1. In this systematic review and meta-analysis, while aspirin use among patients without cardiovascular disease was associated with fewer adverse cardiovascular events, it was not associated with a reduction in all-cause mortality.
2. The use of aspirin in patients without cardiovascular disease was associated with increased risk of major bleeding.

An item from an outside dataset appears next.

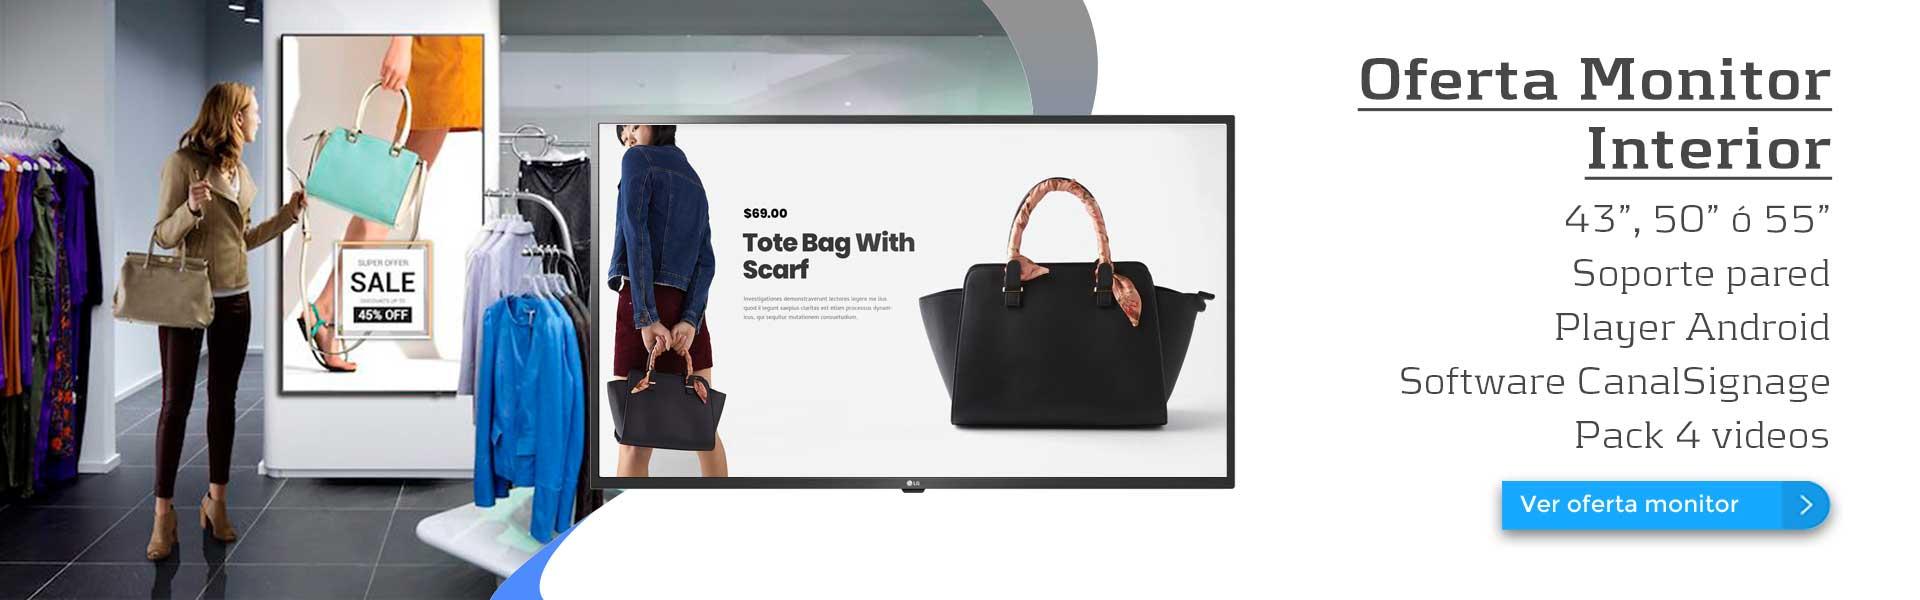 Oferta monitor para interior LG

Evidence Rating Level: 1 (Excellent)
Study Rundown: In patients with a history of cardiovascular disease, aspirin use has been associated with secondary prevention of stroke and myocardial infarction. However, the utility of aspirin for primary prevention in patients without a history of cardiovascular disease remains poorly understood. In this systematic review and meta-analysis including more than 160,000 patients, aspirin was associated with a reduction in the likelihood of adverse cardiovascular outcomes, such as cardiovascular mortality, nonfatal myocardial infarction, and nonfatal stroke, though there was no reduction in all-cause mortality. Aspirin was also found to significantly increase the risk of major bleeding events in this patient population.
While this study informs physicians regarding the use of aspirin as primary prevention of cardiovascular outcomes, it does not include a subgroup analysis to reveal any possible racial or gender differences in these outcomes. Previous studies have demonstrated that cardiovascular disease progression has both gender and racial differences, thus performing a subgroup analysis would allow physicians to better counsel their patients on the risks and benefits of aspirin use.
In-Depth [systematic review and meta-analysis]: This study identified 1385 articles, of which, 21 met inclusion criteria and reported on 13 studies. These studies included 164,225 patients with a total of 1,050,511 patient-years of follow up. The primary cardiovascular outcome was a composite of cardiovascular mortality, nonfatal myocardial infarction, and nonfatal stroke (ischemic and hemorrhagic). The primary bleeding outcome was major bleeding of any kind as defined by the individual studies. Aspirin use was associated with a significant reduction in the composite cardiovascular outcome compared to no aspirin use (Hazard Ratio 0.89; CI95 0.84 to 0.95; number-needed-to-treat 265). This reduction in the composite cardiovascular outcome was present for patients who were both at low and high risk of cardiovascular events. The use of aspirin was not associated with a significant reduction in all-cause mortality (HR 0.94; CI95 0.88 to 1.01). Aspirin use was associated with an increased risk of major bleeding events compared to no aspirin use (HR 1.43; CI95 1.30 to 1.56; number-needed-to-harm 210). Aspirin use was associated with a 1.34 times higher likelihood of intracranial hemorrhage and a 1.56 times higher likelihood in major gastrointestinal bleeding.